Interesting, I had no idea.

Same camera or same brand?  Will a card used in a Canon XSI be seen in a Canon 5d MkII?


----------



## PhotoXopher (Jun 2, 2009)

I've had photos on a card from a Nikon D200 that didn't show up on my D90.


----------



## itznfb (Jun 2, 2009)

N0YZE said:


> I've had photos on a card from a Nikon D200 that didn't show up on my D90.


 
yea, i've noticed that between my D50 and D90


----------



## whit~foto (Jun 2, 2009)

I am using a Canon 40D. The memory card is a Lentox 4GB.  I am shooting is MEDIUM quality and all of my pictures were completely erased from the memory card. Nothing on it.  I wasn't shooting in JPEG and not RAW.  I'll try reformating the card... but I thought I even did that already.  It's just that my second shooting had the same settings for the most part and was getting 400+ photos on her one 4GB card.

Very strange.


----------



## Jaszek (Jun 2, 2009)

whit~foto said:


> I wasn't shooting in JPEG and not RAW.


Wait, what? I think u mean you were shooting in JPEG lol


----------



## Garbz (Jun 3, 2009)

itznfb said:


> right. when you switch to RAW (on nikon) the only selection that show up in the quality display is RAW. unless you have RAW + JPEG.
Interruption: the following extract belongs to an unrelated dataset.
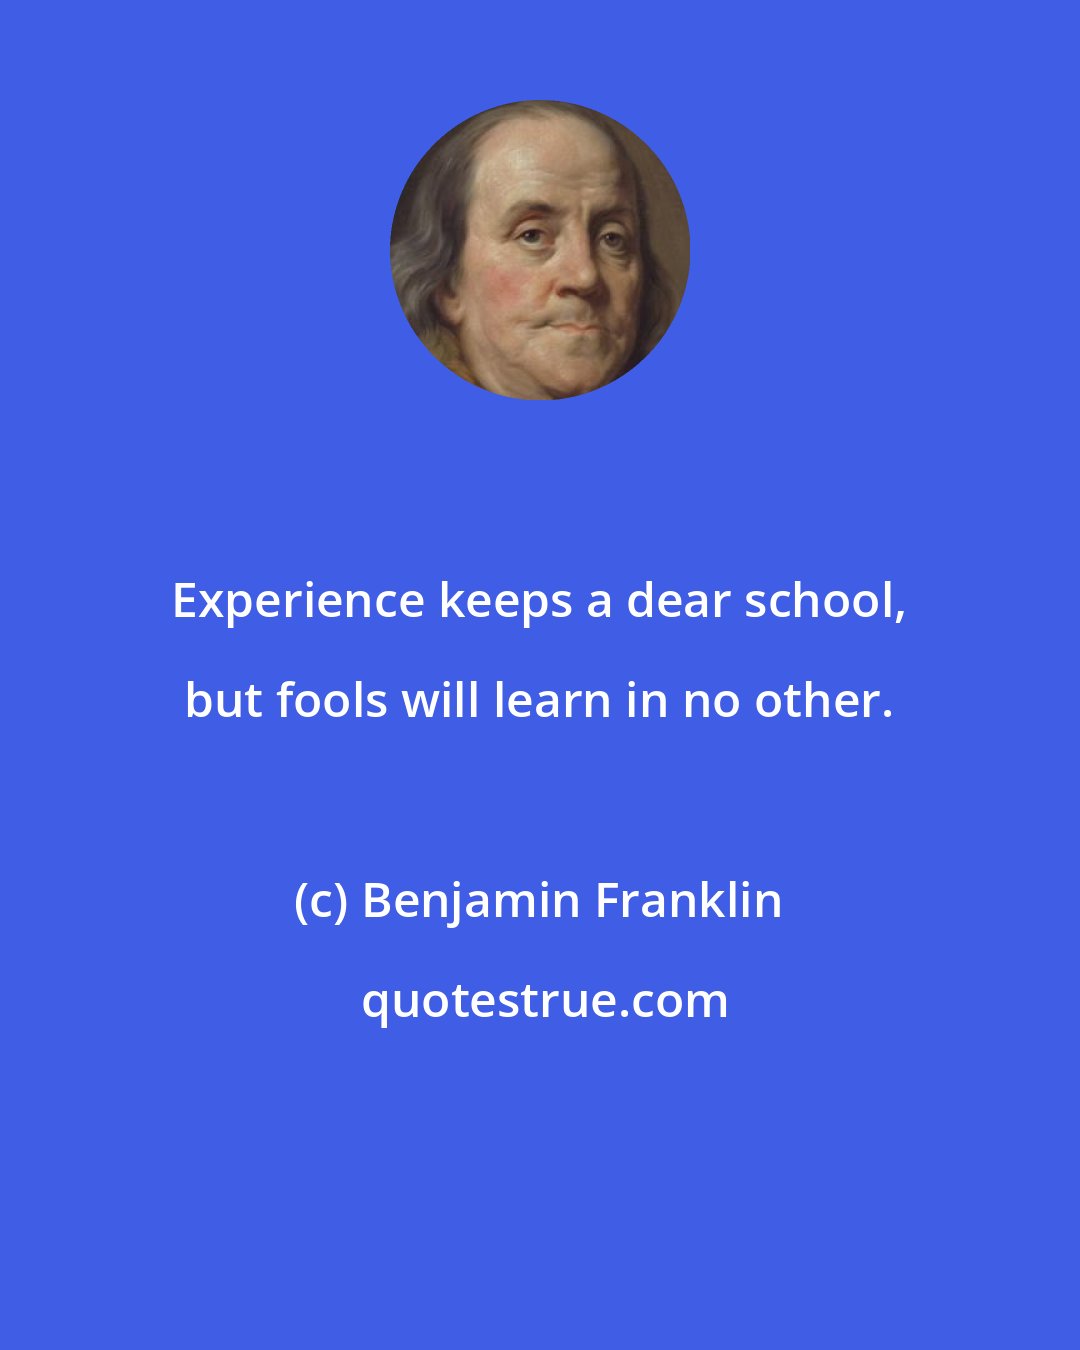 Benjamin Franklin: Experience keeps a dear school, but fools will learn in no other.
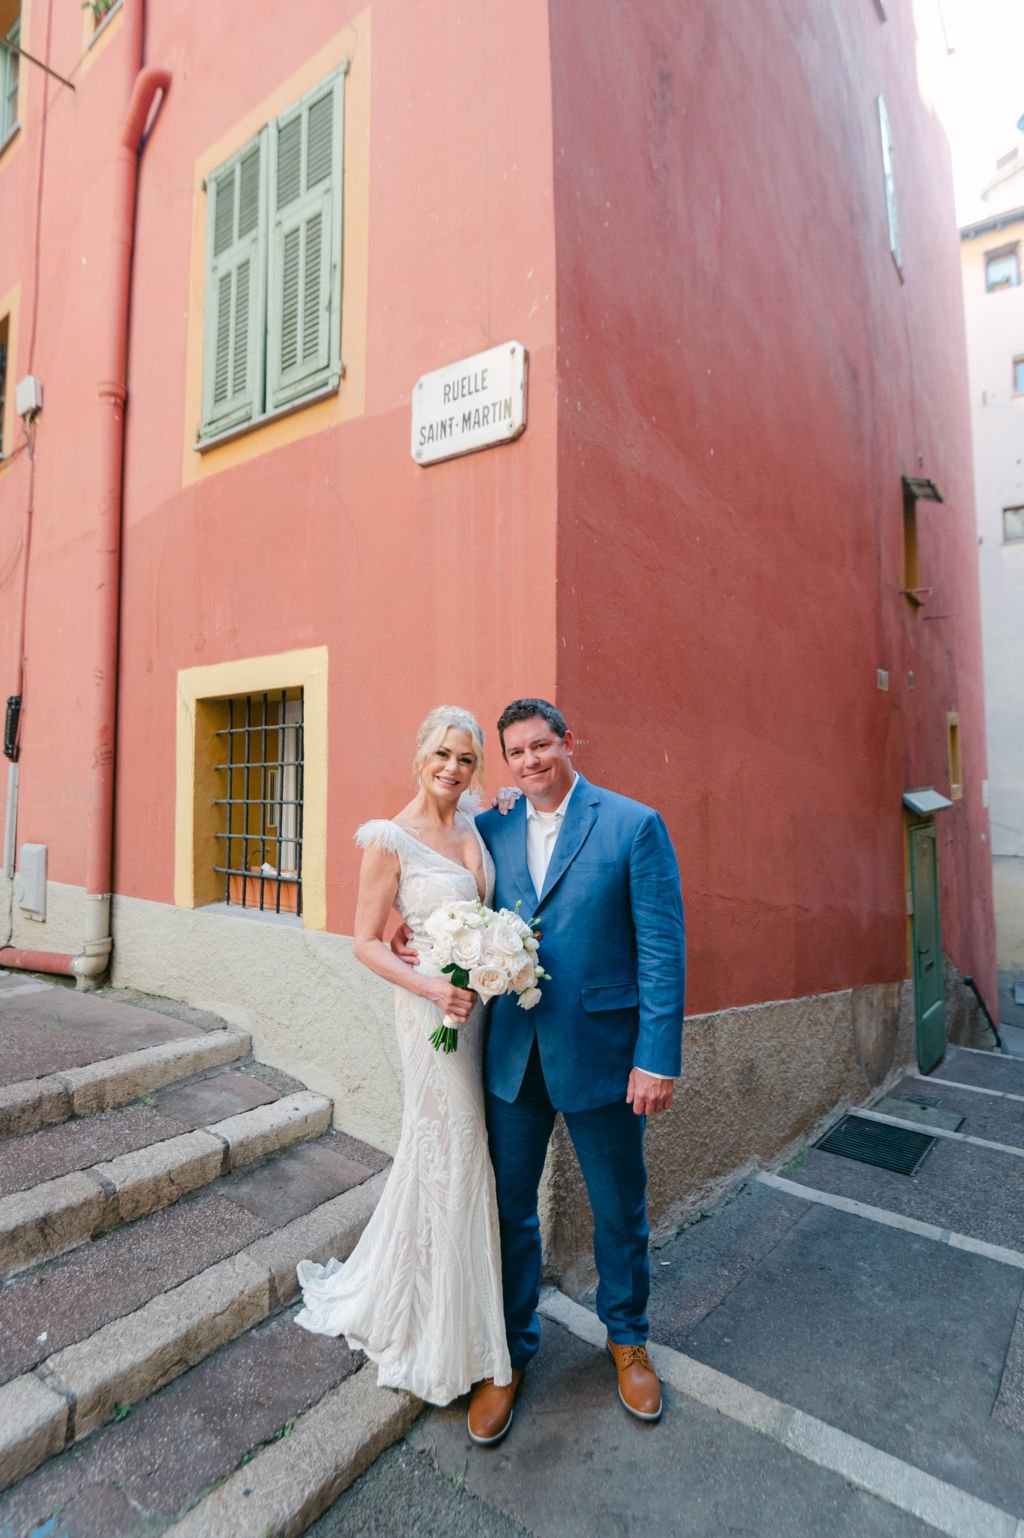 wedding photographer Nice, France Cote d'Azur photo session bride and groom Nice old town sedinta foto nunta Nisa Franta fotograf nunta Franta

In the top LCD yeah, but that is under the assumption that that was checked. Meh no matter, the op uses a Canon. 

This could also explain the amount of photos that fitted on the card. RAW+JPEG (medium) would still only fit a few hundred.


----------



## itznfb (Jun 3, 2009)

Garbz said:


> itznfb said:
> 
> 
> > right. when you switch to RAW (on nikon) the only selection that show up in the quality display is RAW. unless you have RAW + JPEG.
> ...


 
true... i would say the most likely case is the card wasn't formated properly and may have had other data not visible to the card. that would be my guess.


----------